Ramin Jahanbegloo

The spirit of India - New Delhi : Penguin Books India, 2008. - xvii, 172 p. ;

Essays on the cultural and intellectual outlook of some 20th century Indian personalities.
The essential and enduring consciousness that animates the Indian nation has for long eluded definition. In this fascinating exposition, eminent Iranian political philosopher Ramin Jahanbegloo elucidates his understanding of this enigmatic ‘spirit of India’. To him, the vital principle inspiring Indian thought and action is the spirit of dialogue and cross-cultural debate, deeply rooted in the daily practices of different communities. In contrast to many cultures that have, through history, feared diversity as being destructive, India’s plural and polyphonic forces have been a source of creative power. The significant question that encapsulates the spirit of the nation has always been: What should our behaviour towards others be to achieve harmony and solidarity? Dogmatism and fundamentalism have therefore not been the final victors in India’s functioning pluralistic society.

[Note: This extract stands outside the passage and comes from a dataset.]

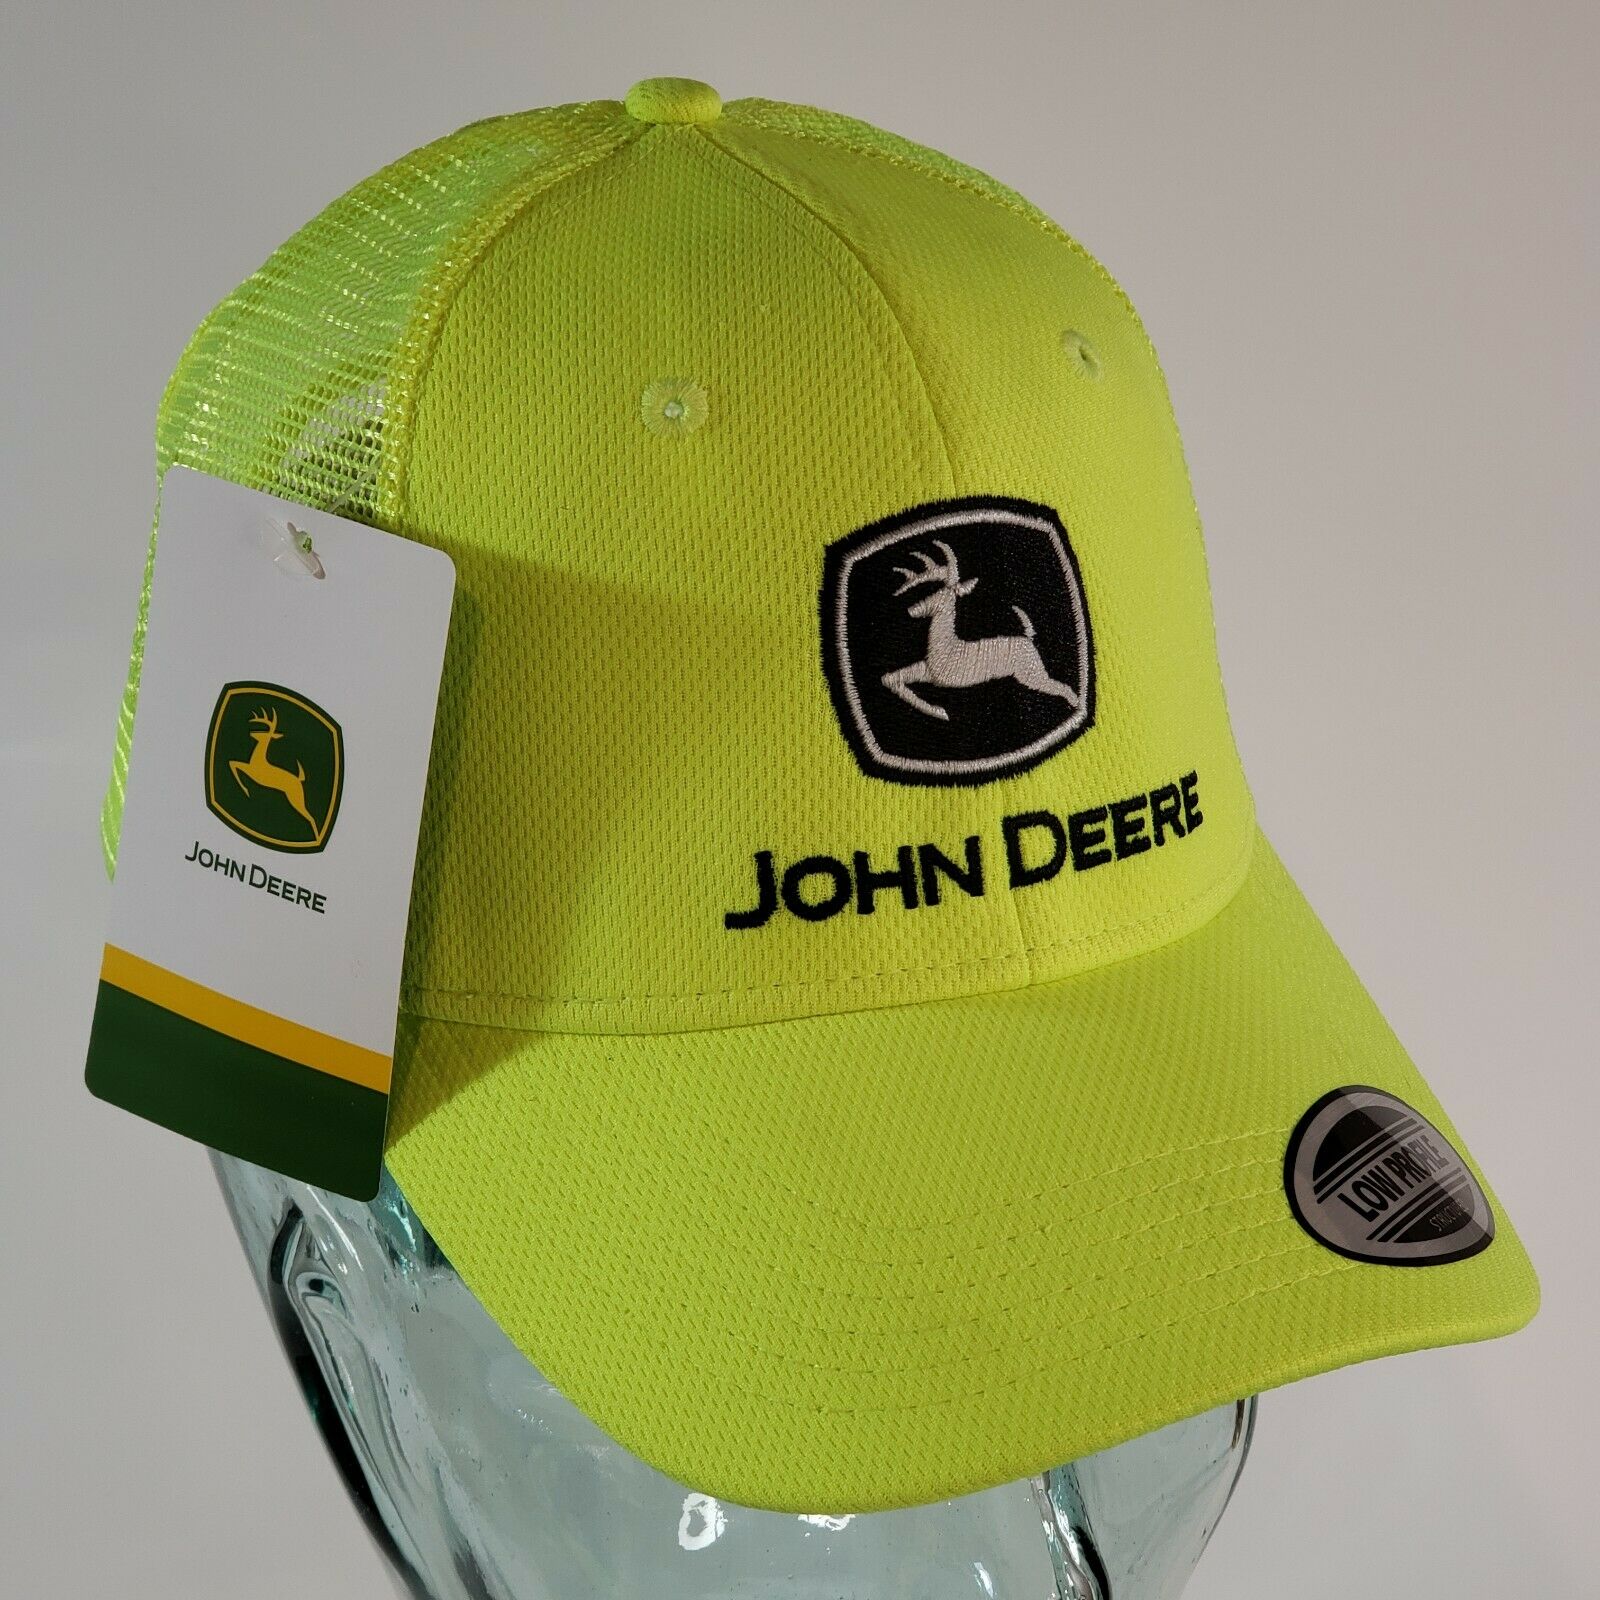 New John Deere Yellow High Visibility Polyester Twill Mesh Cap Lp70688

To illustrate his viewpoint, Ramin Jahanbegloo examines the thinking of Indians who shaped and exemplified the Indian credo—Mahatma Gandhi, Rabindranath Tagore, Jawaharlal Nehru, Maulana Abul Kalam Azad, Vinoba Bhave, Sarvepalli Radhakrishnan, Sri Aurobindo, Ananda Coomaraswamy and Satyajit Ray. It is their sustained faith in peaceful diversity that impassioned leaders like Sarojini Naidu, Khan Abdul Ghaffar Khan and many others, and continues to be indispensable to the future of a humanity threatened by ever-widening schisms.

The spirit of India not only inspires dialogue and clemency between divergent—and occasionally hostile—cultural and religious units, but also counteracts all forms of political and cultural homogenization. This book illuminates why and how, in order to manage our plural world, we need to acknowledge and nurture the redoubtable vitality of India.